Generate and return the natural logarithm of the normalization factor of the Probability Density Function (PDF) of the GenExpGamma distribution.

The normalization factor of the GenExpGamma PDF is defined as \(\eta = 1 / (\omega \Gamma(\kappa))\) where \((\omega, \kappa)\) are the scale and shape parameters of the GenExpGamma distribution, respectively.
For more information, see the documentation of pm_distGenExpGamma.

Parameters

[in]	kappa	: The input scalar or array of the same shape as other array-like arguments, containing the shape parameter ( \(\kappa\)) of the distribution.
[in]	invOmega	: The input scalar or array of the same shape as other array-like arguments, containing the inverse of the scale parameter ( \(\omega\)) of the distribution. (optional, default = 1.)

Returns

logPDFNF : The output scalar or array of the same shape as array-like input arguments, of the same type, kind, and highest rank as the input arguments containing the natural logarithm of the normalization factor of the distribution.

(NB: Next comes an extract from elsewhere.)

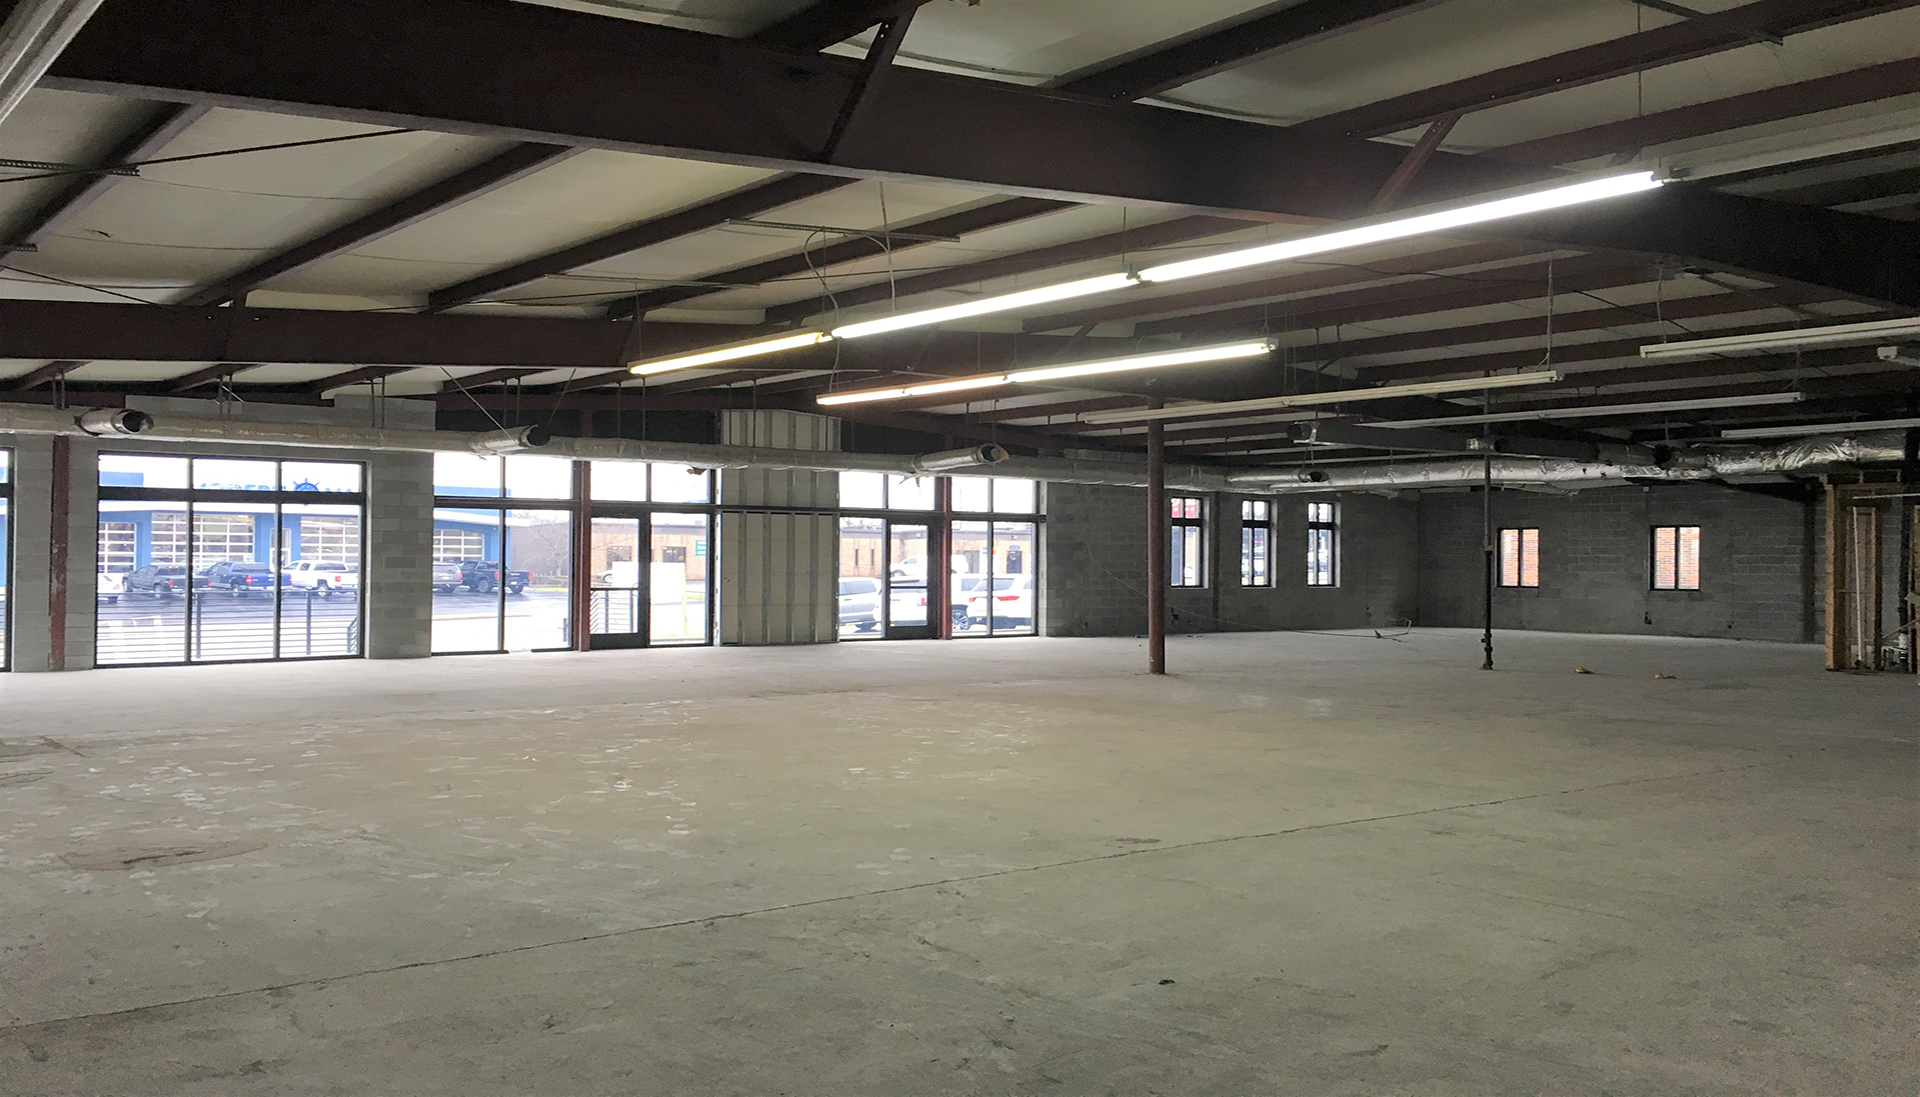 Interior of empty warehouse space before construction.

Possible calling interfaces ⛓

use pm_distGenExpGamma, only: getGenExpGammaLogPDFNF
 
logPDFNF = getGenExpGammaLogPDFNF(kappa)
logPDFNF = getGenExpGammaLogPDFNF(kappa, invOmega)

Warning

The pure procedure(s) documented herein become impure when the ParaMonte library is compiled with preprocessor macro CHECK_ENABLED=1.
By default, these procedures are pure in release build and impure in debug and testing builds.

Remarks

The procedures under discussion are elemental.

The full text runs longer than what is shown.